**EXERCISE OBJECTIVE:** Starting at the line that contains "التقاط صورة لظاهرة", quote each line exactly through the last line of the entries, both included.

####################

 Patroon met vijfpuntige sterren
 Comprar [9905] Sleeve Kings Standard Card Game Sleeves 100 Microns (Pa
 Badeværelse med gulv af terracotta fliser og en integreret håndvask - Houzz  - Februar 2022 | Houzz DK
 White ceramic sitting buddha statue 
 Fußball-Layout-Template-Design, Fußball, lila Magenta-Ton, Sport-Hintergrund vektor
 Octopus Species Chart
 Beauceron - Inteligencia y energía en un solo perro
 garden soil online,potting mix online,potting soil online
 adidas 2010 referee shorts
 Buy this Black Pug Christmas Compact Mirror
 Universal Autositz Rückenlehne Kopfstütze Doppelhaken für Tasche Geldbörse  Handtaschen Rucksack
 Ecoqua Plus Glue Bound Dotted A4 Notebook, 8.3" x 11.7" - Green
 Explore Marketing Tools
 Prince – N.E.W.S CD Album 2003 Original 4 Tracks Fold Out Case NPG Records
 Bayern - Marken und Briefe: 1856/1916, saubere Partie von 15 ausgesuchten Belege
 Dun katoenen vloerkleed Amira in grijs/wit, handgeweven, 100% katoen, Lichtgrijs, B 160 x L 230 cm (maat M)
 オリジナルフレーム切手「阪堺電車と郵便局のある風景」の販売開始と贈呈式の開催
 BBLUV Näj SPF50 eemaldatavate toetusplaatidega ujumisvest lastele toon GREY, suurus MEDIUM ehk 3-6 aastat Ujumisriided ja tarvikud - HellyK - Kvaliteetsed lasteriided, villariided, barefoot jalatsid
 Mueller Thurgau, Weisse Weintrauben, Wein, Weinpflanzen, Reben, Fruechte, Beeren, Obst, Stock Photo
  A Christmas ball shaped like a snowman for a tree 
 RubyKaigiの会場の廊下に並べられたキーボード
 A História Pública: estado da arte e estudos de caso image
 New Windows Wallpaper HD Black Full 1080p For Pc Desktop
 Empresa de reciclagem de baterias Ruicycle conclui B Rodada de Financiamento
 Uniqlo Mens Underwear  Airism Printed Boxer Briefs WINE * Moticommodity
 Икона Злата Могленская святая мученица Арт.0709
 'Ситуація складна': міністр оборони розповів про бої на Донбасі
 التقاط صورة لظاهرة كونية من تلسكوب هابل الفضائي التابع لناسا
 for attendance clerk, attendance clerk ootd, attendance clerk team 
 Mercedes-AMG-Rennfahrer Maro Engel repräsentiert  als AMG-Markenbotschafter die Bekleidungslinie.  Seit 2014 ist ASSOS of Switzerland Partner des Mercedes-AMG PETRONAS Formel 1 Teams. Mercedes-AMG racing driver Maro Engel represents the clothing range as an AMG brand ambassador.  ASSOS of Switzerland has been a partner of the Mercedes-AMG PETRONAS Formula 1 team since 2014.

####################

**REPLY:**
 التقاط صورة لظاهرة كونية من تلسكوب هابل الفضائي التابع لناسا
 for attendance clerk, attendance clerk ootd, attendance clerk team 
 Mercedes-AMG-Rennfahrer Maro Engel repräsentiert  als AMG-Markenbotschafter die Bekleidungslinie.  Seit 2014 ist ASSOS of Switzerland Partner des Mercedes-AMG PETRONAS Formel 1 Teams. Mercedes-AMG racing driver Maro Engel represents the clothing range as an AMG brand ambassador.  ASSOS of Switzerland has been a partner of the Mercedes-AMG PETRONAS Formula 1 team since 2014.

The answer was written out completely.